▶ Exercise requirements
Leave the images out. Give every line below again, precisely.

[Input data]

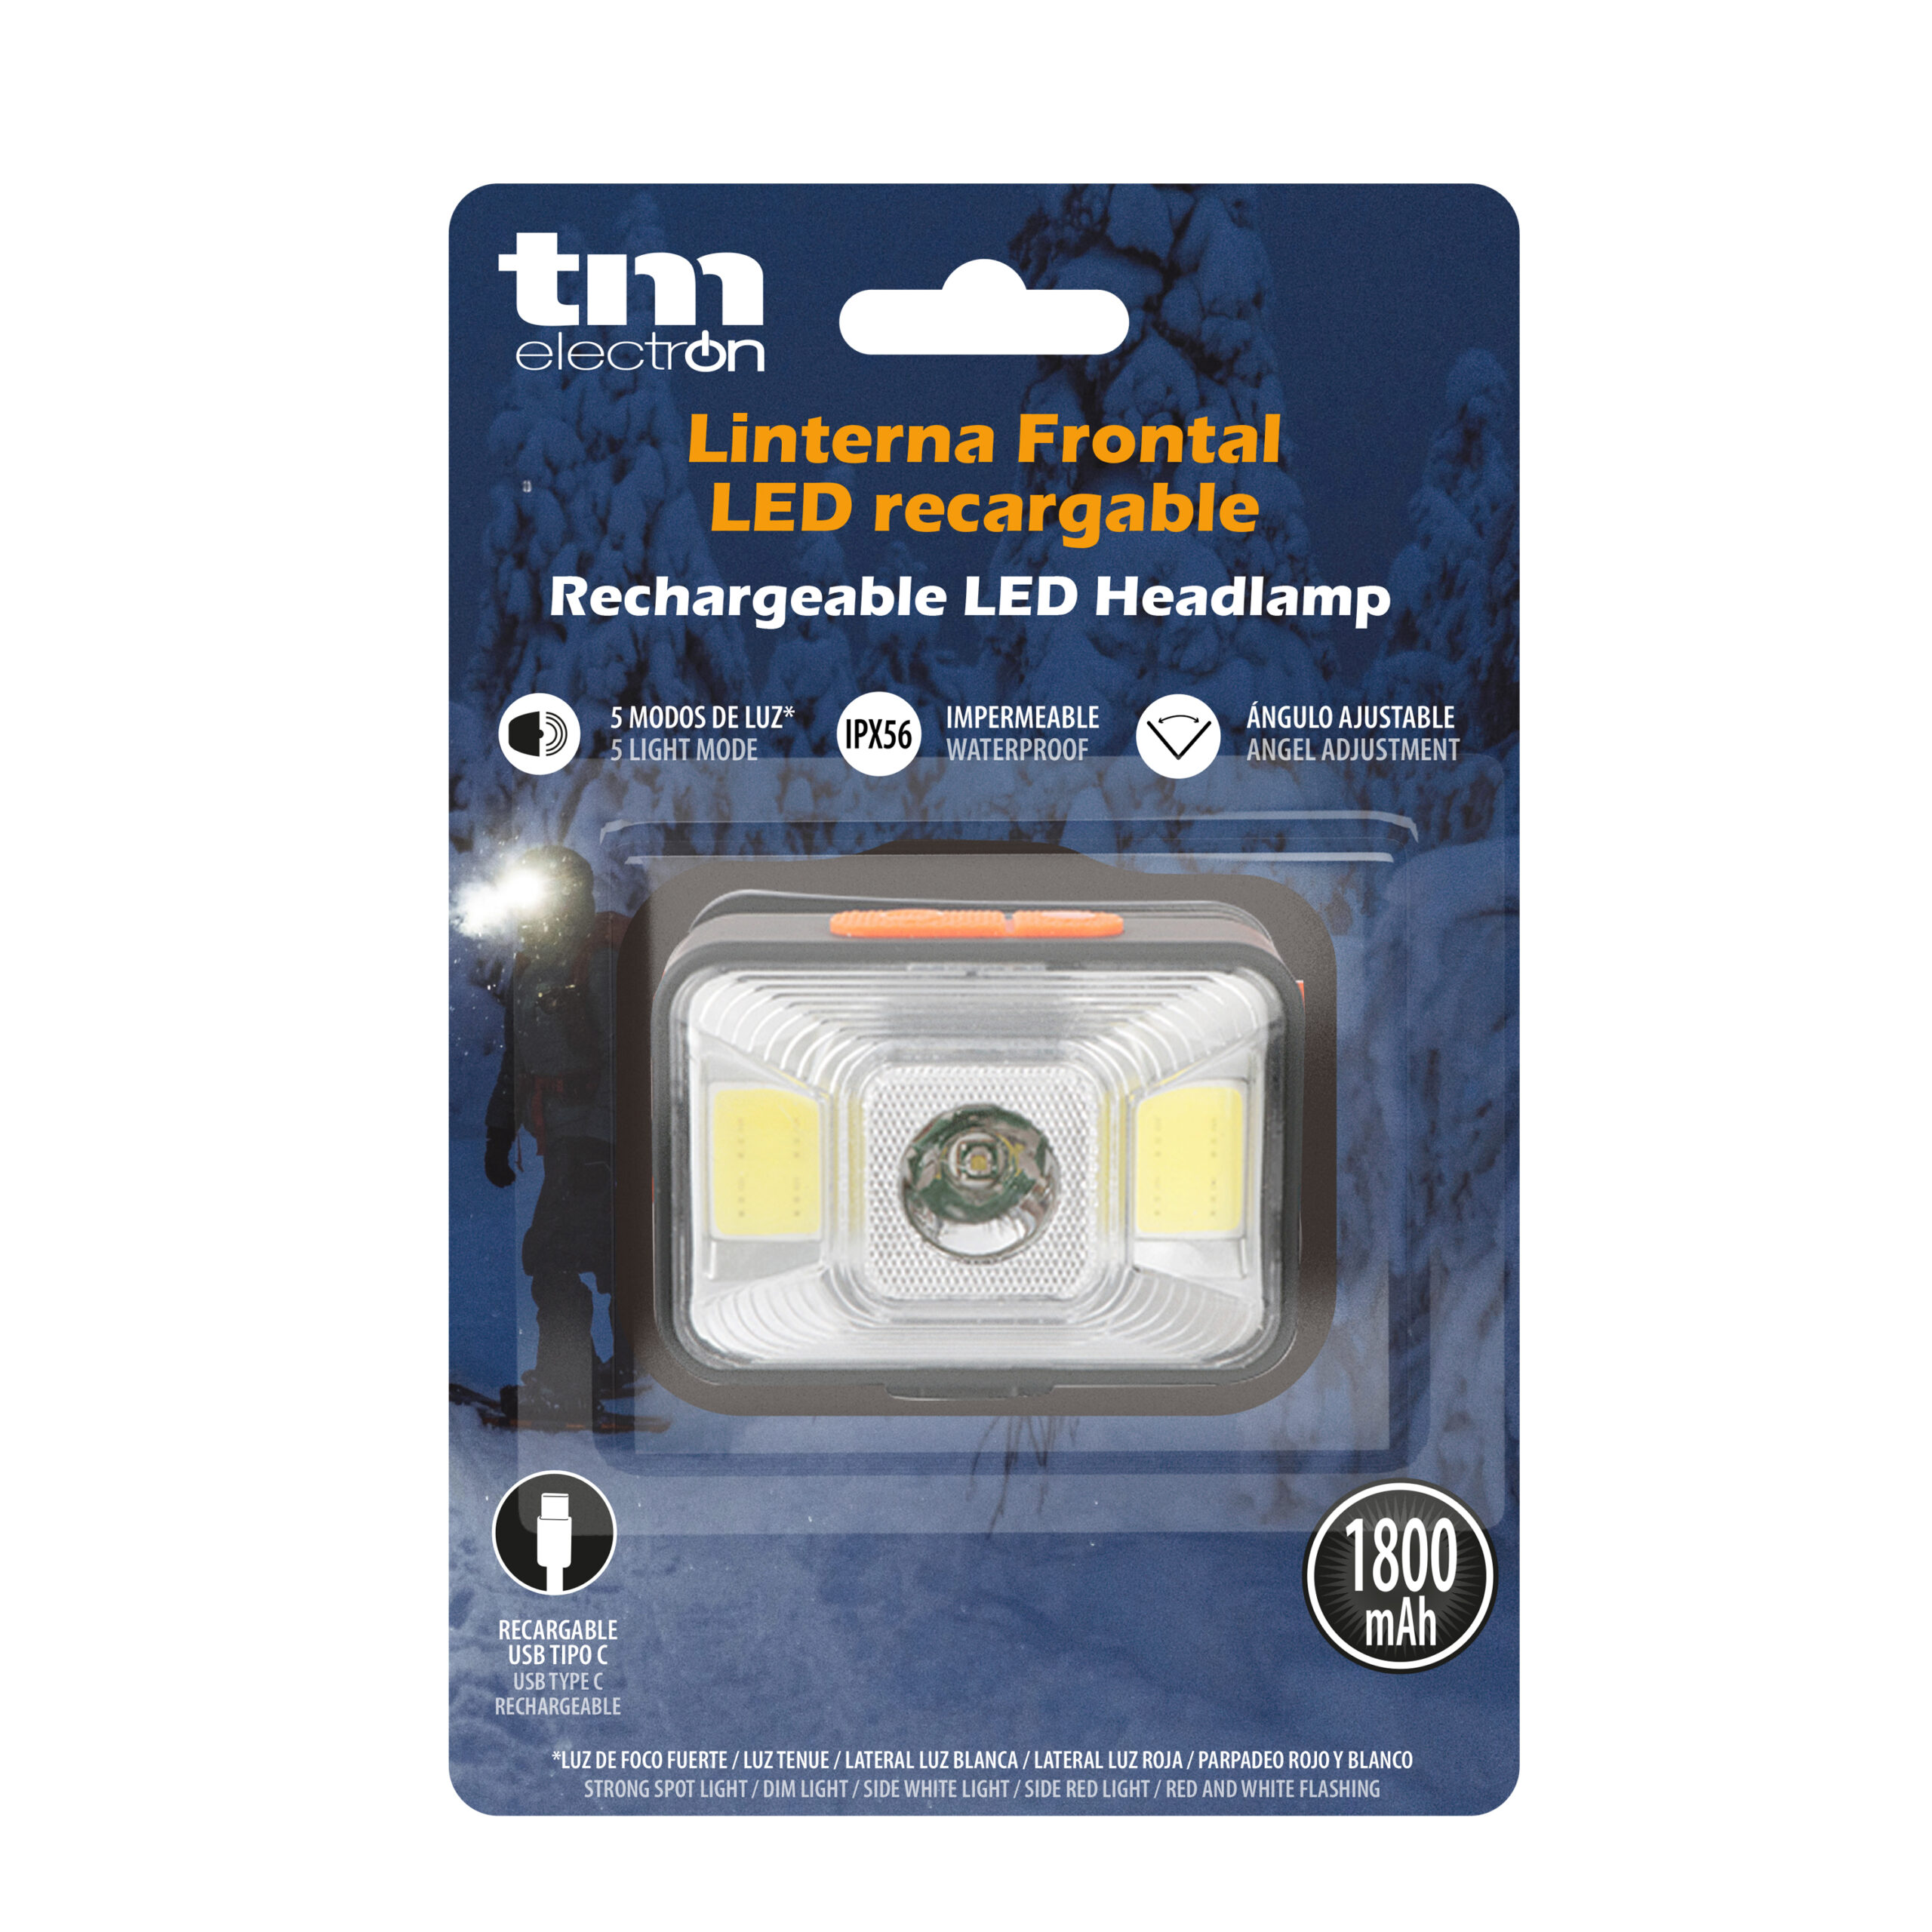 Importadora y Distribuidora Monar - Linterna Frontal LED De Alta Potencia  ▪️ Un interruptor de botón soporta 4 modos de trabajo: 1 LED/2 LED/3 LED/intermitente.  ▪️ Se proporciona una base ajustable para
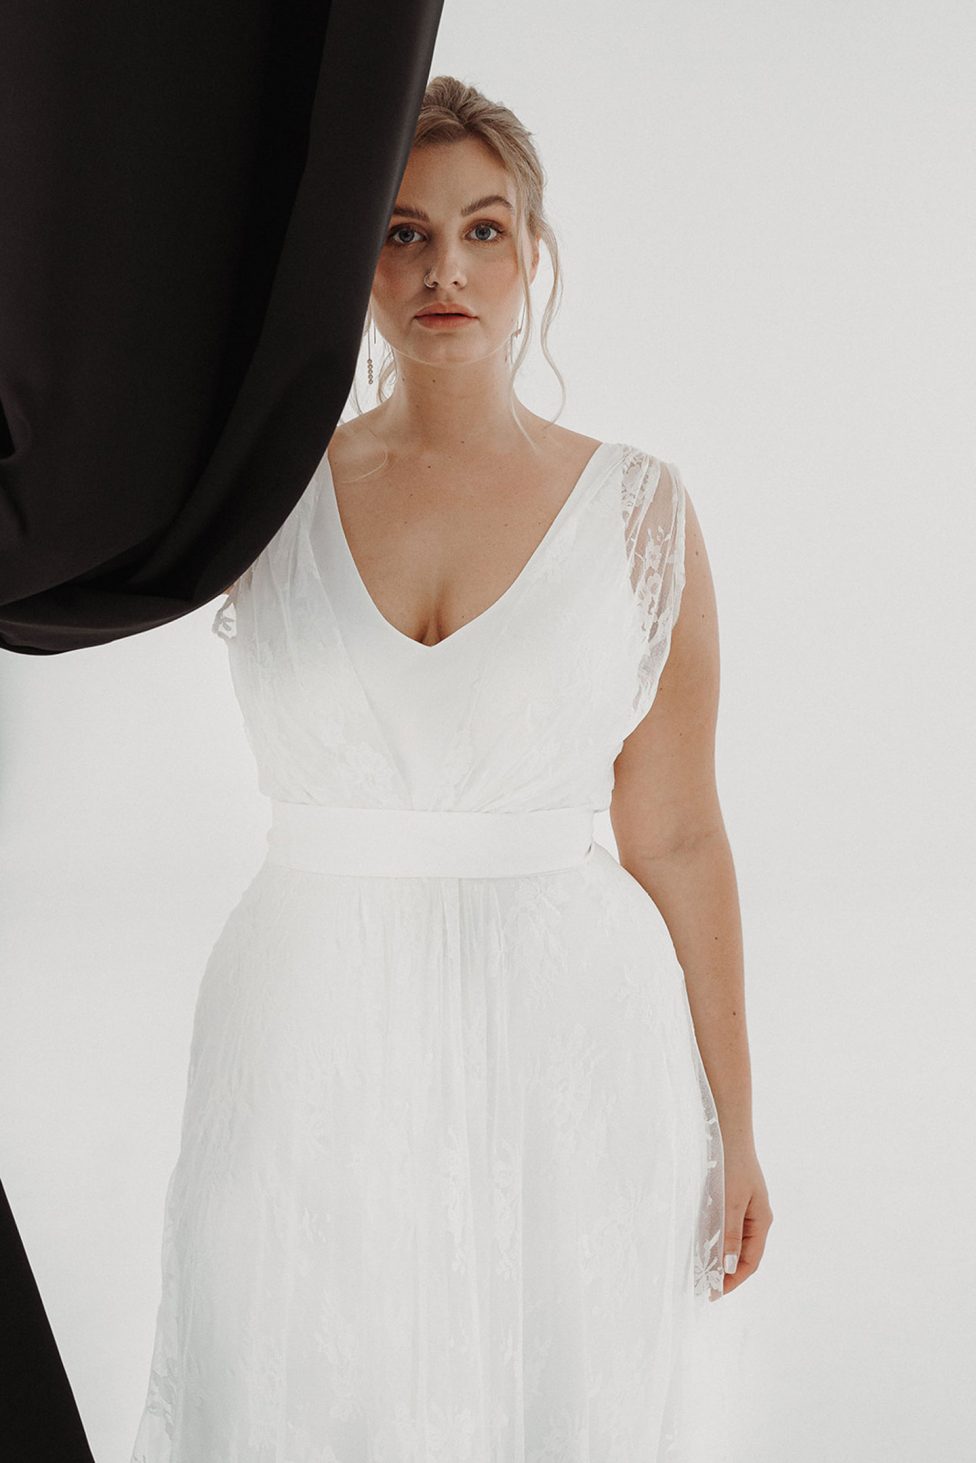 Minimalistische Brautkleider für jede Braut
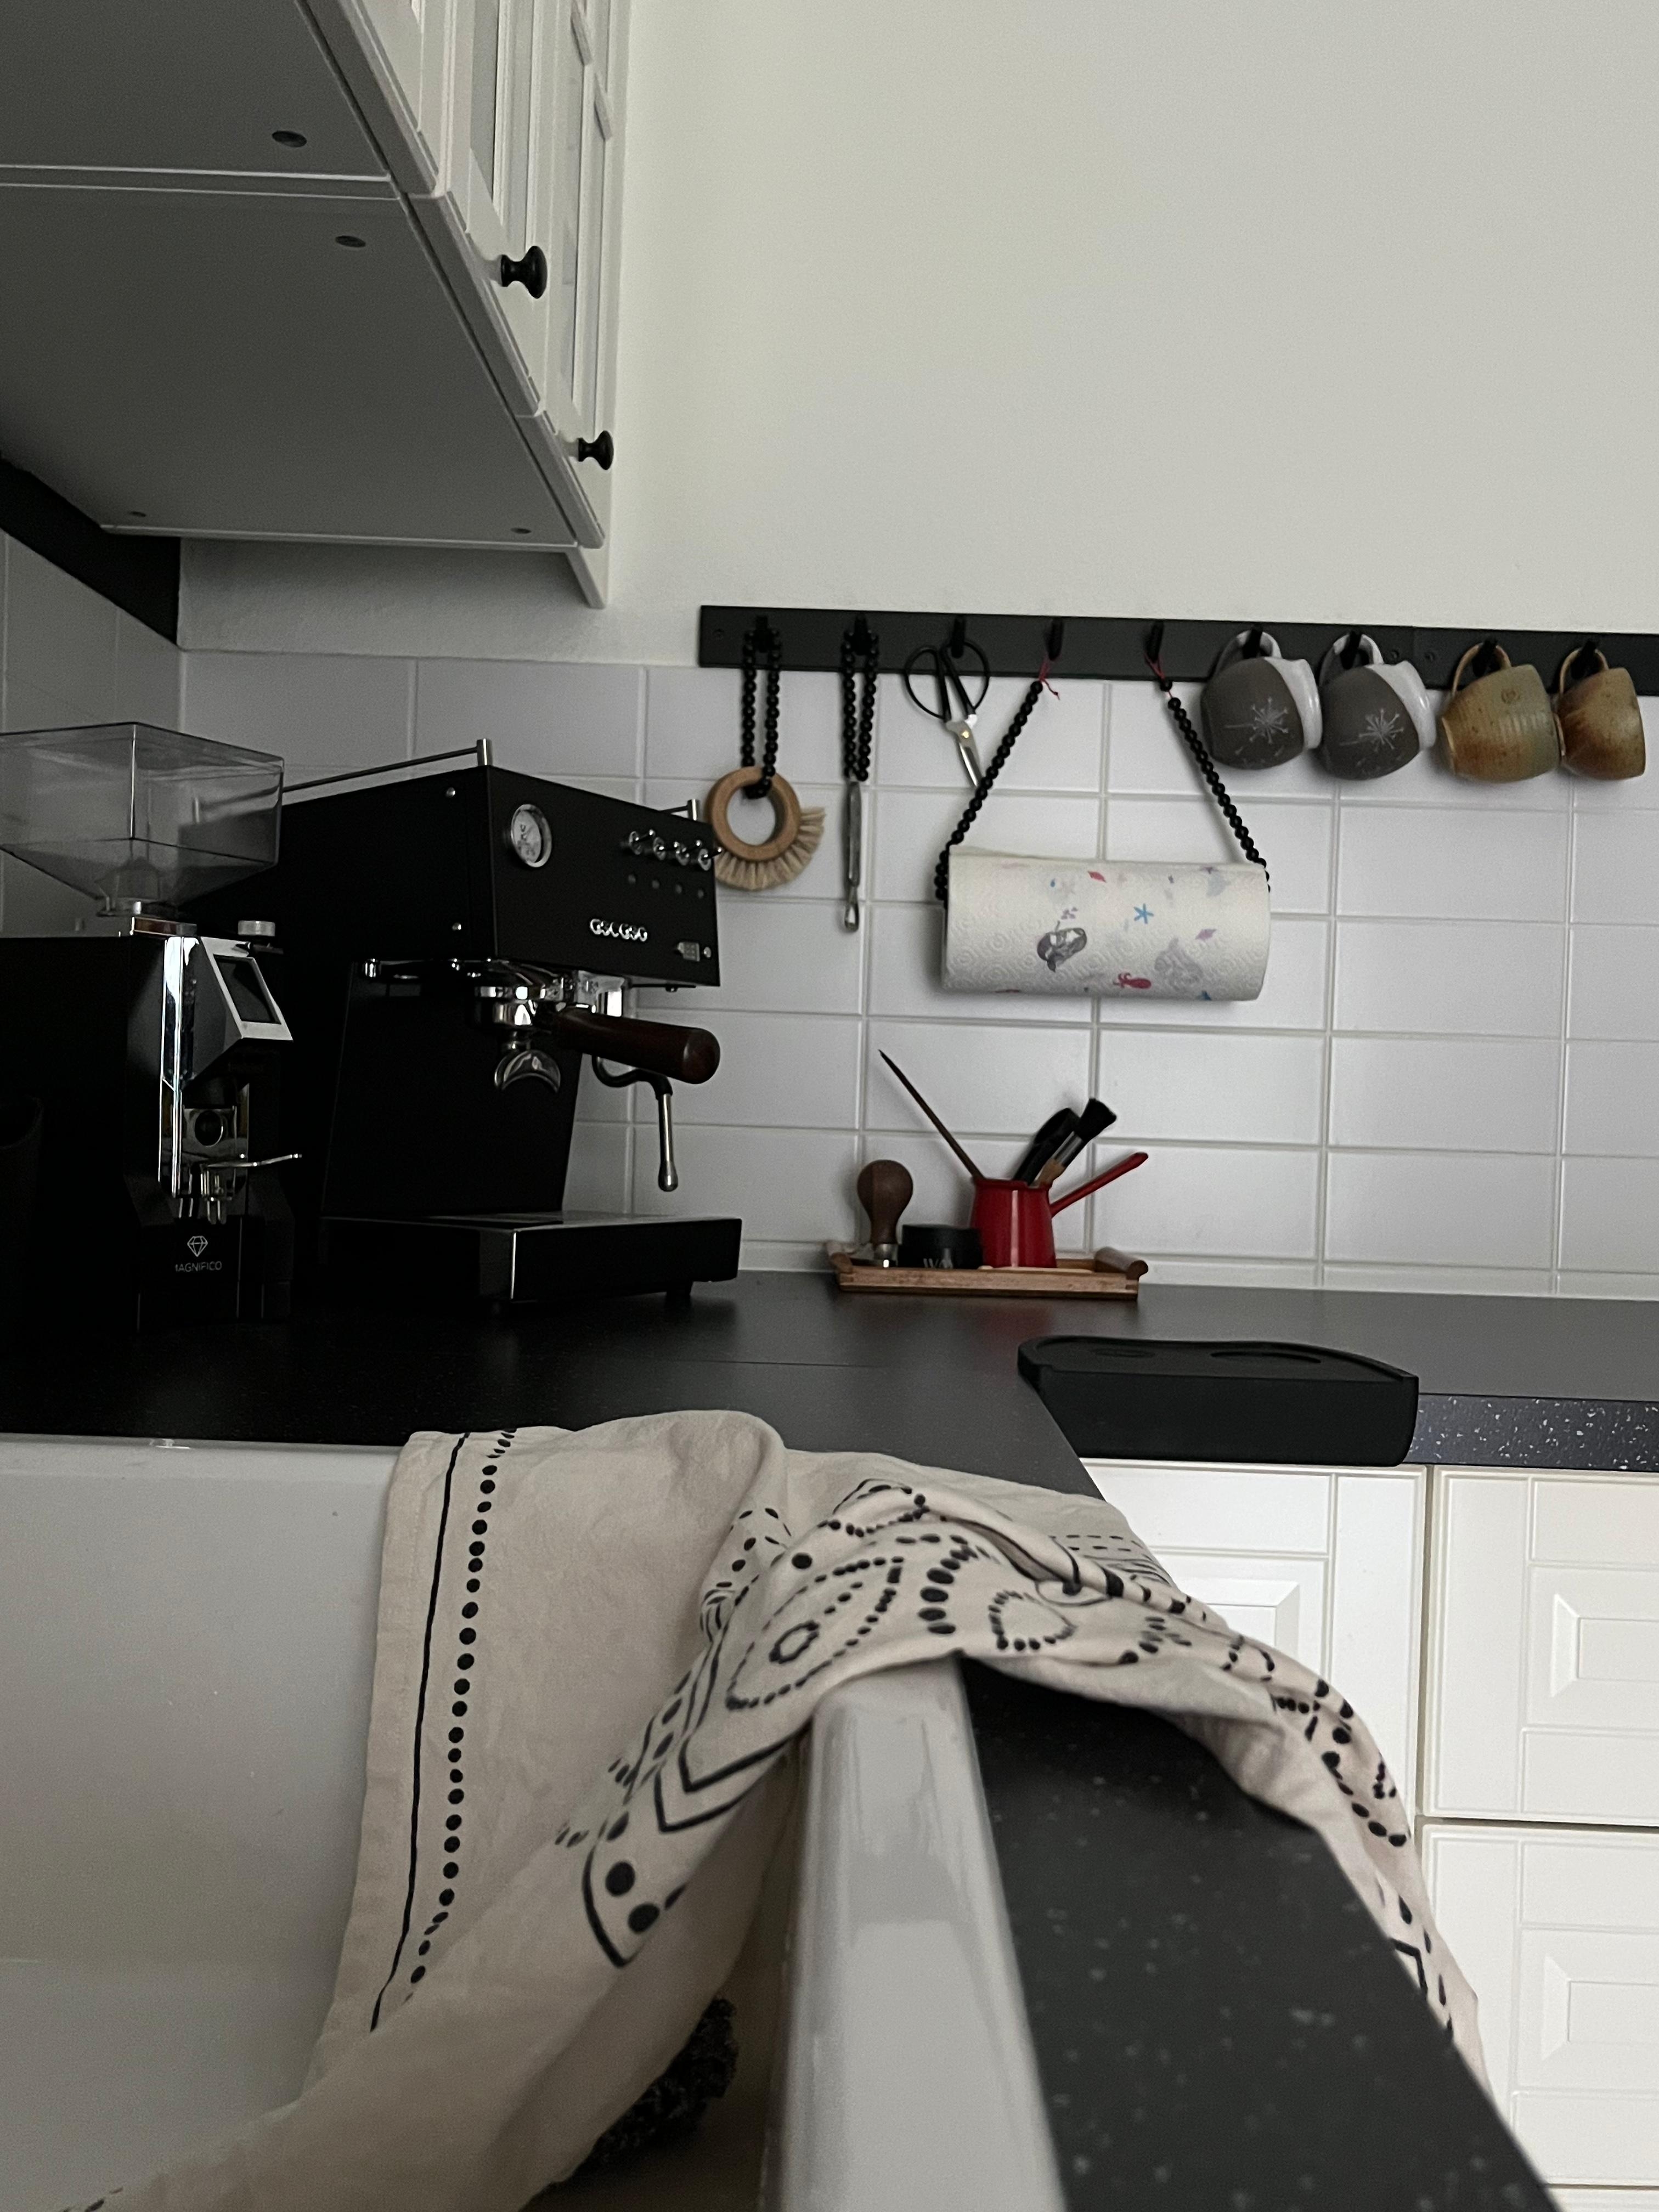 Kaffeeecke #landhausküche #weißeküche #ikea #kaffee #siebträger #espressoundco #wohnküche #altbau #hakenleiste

[/Input data]

▶ Completed exercise
 Importadora y Distribuidora Monar - Linterna Frontal LED De Alta Potencia  ▪️ Un interruptor de botón soporta 4 modos de trabajo: 1 LED/2 LED/3 LED/intermitente.  ▪️ Se proporciona una base ajustable para
 Minimalistische Brautkleider für jede Braut
 Kaffeeecke #landhausküche #weißeküche #ikea #kaffee #siebträger #espressoundco #wohnküche #altbau #hakenleiste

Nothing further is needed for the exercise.